Он думал, не броситься ли в реку — но вода казалась ему очень уж черной и холодной, а пример лебедя вдохновлял его лишь отчасти; не пустить ли себе пулю в лоб — но у него не было под рукой ни пистолета, ни пороха, а если бы и были, он бы нисколько не обрадовался; не приискать ли новую любовницу или даже двух — убийственное решение! — но на примете у него не было никого подходящего. В отчаянии своем он дошел до того, что хотел возобновить отношения с женщинами, которых совершенно не выносил и сам в свое время приказал лакею выгнать их из дому ударами хлыста. В конце концов он остановился на куда более чудовищной мысли… написать второе письмо.
Беспредельная глупость.
Вот до чего он додумался, как вдруг почувствовал, что на плечо ему легла… ладонь… подобная голубке, опустившейся на пальму… Сравнение слегка хромает, ибо плечо д’Альбера весьма отдаленно напоминало пальму, но все равно сохраним его из чистой любви к восточному колориту.
Ладонь являла собой часть руки, соединенной с плечом, которое принадлежало телу, оказавшемуся не кем иным, как Теодором-Розалиндой, иначе говоря, то была маленькая мадмуазель д’Обиньи, или, если называть ее настоящим именем, Мадлена де Мопен.
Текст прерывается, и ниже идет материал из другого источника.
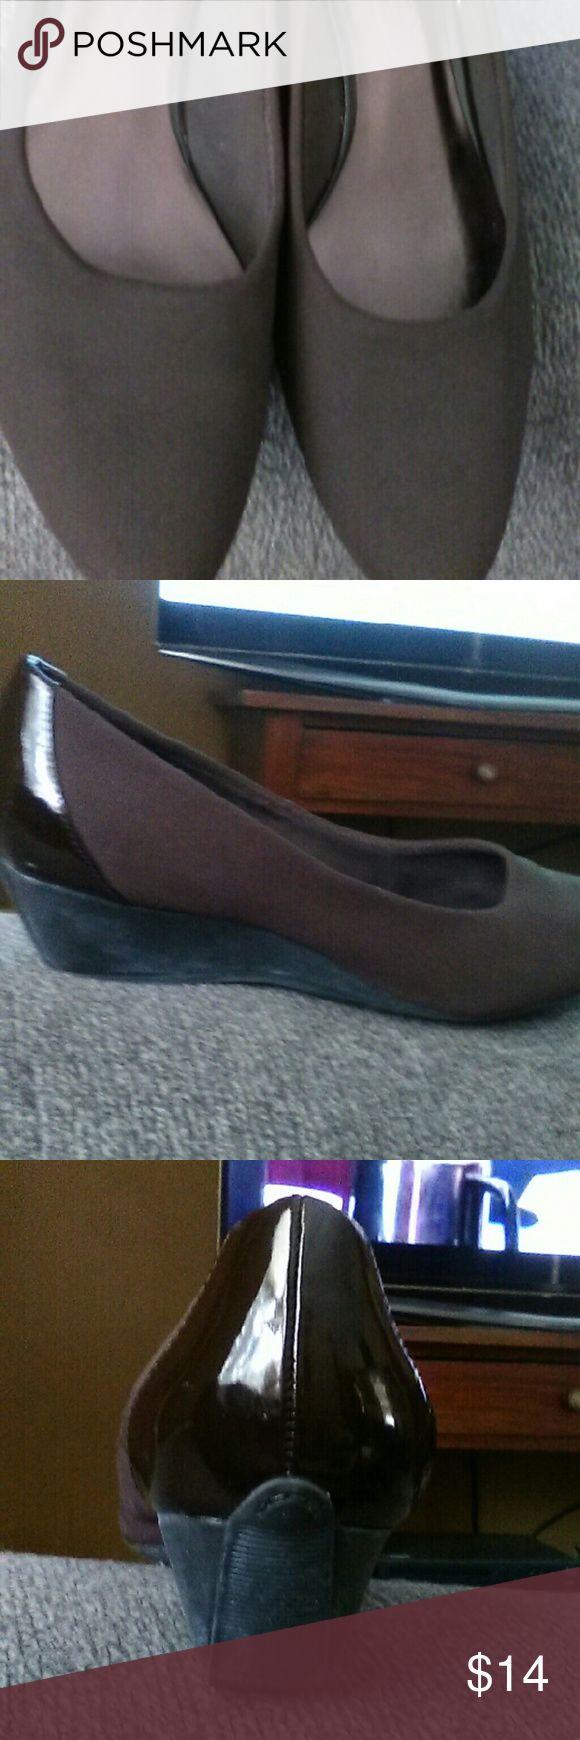 "Circa Joan & David Brown sz 7 1/2 Wedge Shoes Nice comfortable wedge shoes.  Sz 7 1/2.  Wedge heel of 1 1/2"" Joan & David Shoes Wedges"

Кого это удивило? Не вас и не меня, благо мы с вами уже давно были подготовлены к этому посещению; это удивило д’Альбера, который ожидал его меньше всего на свете. Он тихонько вскрикнул от изумления, издав нечто среднее между «О!» и «А!». Впрочем, у меня есть все основания предполагать, что то было ближе все-таки к «А!», чем к «О!».
Перед ним стояла Розалинда, такая ослепительно прекрасная, что вся комната озарилась; нити жемчуга в волосах, радужное платье, пышные кружевные воланы, туфельки с красными каблучками, прекрасный веер из павлиньих перьев — все точь-в-точь как в день представления. Правда, с одним существенным и решающим различием: на ней не было ни шейной косынки, ни шемизетки, ни брыжжей, словом, ничего, что скрывало бы от постороннего взгляда тех двух очаровательных сестер-соперниц, которые — увы! — слишком часто все-таки приходят к согласию.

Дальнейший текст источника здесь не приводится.